To the level that self-esteem imitates, as percept ionized for this study, it is true that emerging peoples view of the attachment relationship would contribute to a persons self-esteem as reliance on the origin of a family as a source of defense that weakens with maturity (Engels et al, 2001).
Limitations of the study
Although the participants of the study were from several cultures, they were not enough to study specific cultures. This study was limited by the inclusion of only psychology students of a certain age group.
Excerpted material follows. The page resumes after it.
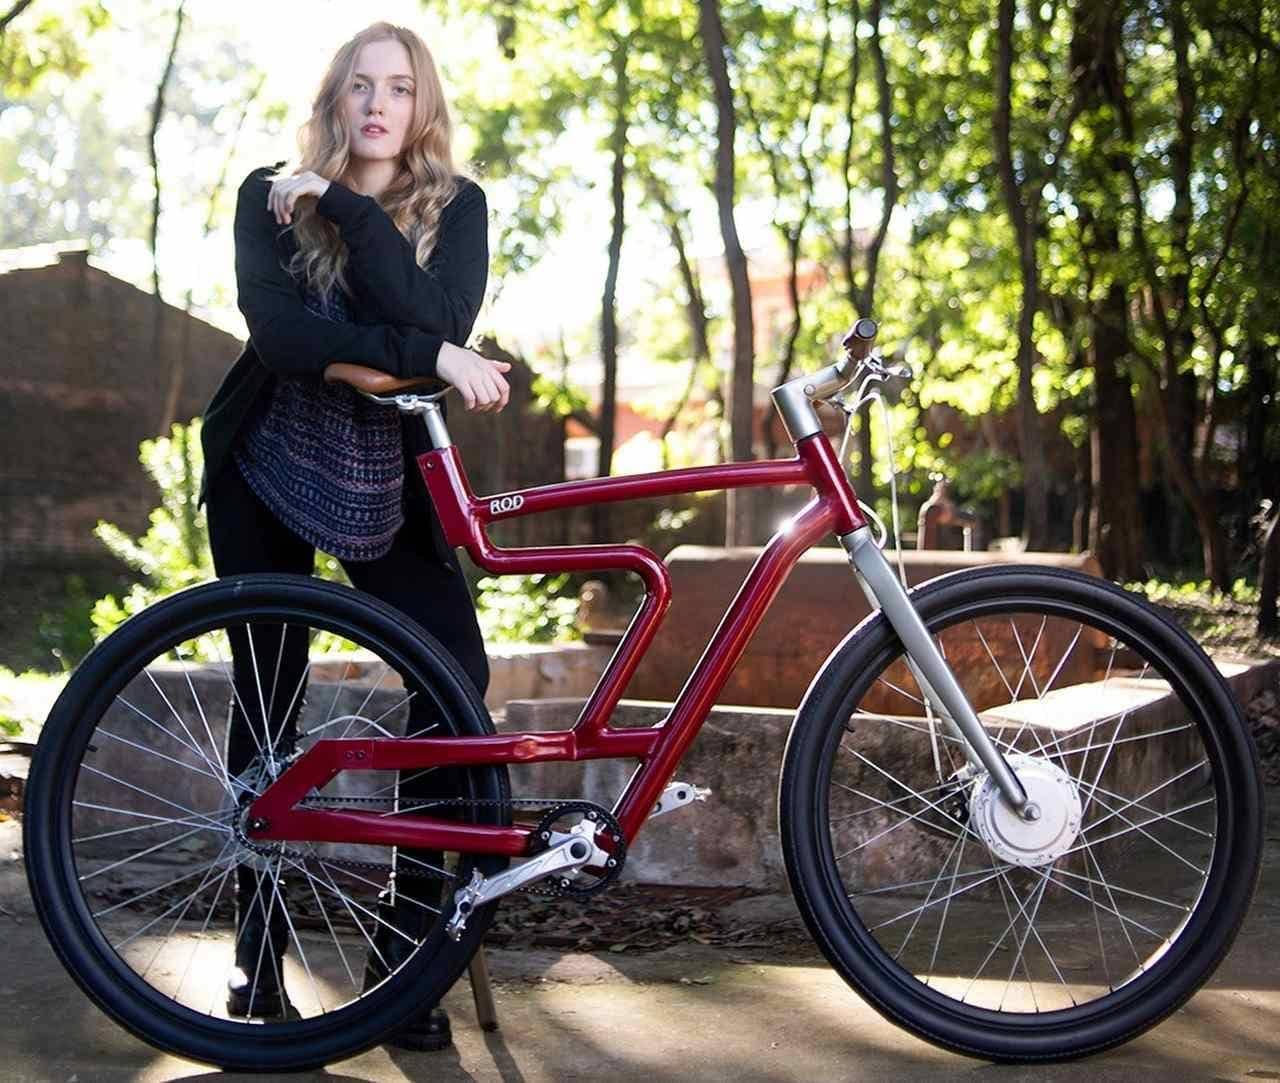 フレームがサスペンション? ― 都市生活者向けの電アシROD cycles「Model 1」

How future researchers could improve the study
Despite some limitations, this study provided an overwhelming support for the role of parental bonding as it led to depressive signs, intervening the relationship linking depressive symptoms as well as parental bonding. The evidence from this study showed that the adults perception of the parental bonding also supports the use of insight-oriented involvement that aims to amend the understanding of the parental relationship. According to this study, the advantages of secure parental bonding are not obtained from nearness to parents of monetary support, though some proof for the advantages of regular communication with parents was discovered. Therefore, research that aims to identify some more factors that contribute to the defensive value of parental bonding could additionally inform counseling and preventive involvements.
Additionally, future research may also aim to methodically observe the immense array of causes of security that may diminish a persons reliance on his or her parents as a resource of self-esteem or aim to reimburse for insecure parental bonding relationships among the budding adults. The kind of research that evaluates the characteristics and value of parental bonding across the life track for specific cultural groups is required to enable fully understanding of the functions of parental bonding in various contexts such as multicultural ones.
Future research may be vital in methodically examining the situations whereby parents are used by their children as a way of promoting adoptive development among emerging adult and when financial assistance and parental contact are developmentally counterproductive (Laursen et al, 2006). Future research may also try to look out for family-based involvement if they are warranted for the treatment and prevention of depression during the adult period of a person. Throughout the current study, the function and role of parental bonding has been identified as the next challenging steps in meeting long-term procedural drawbacks and increasing the theoretical model in ways that update the counseling practice.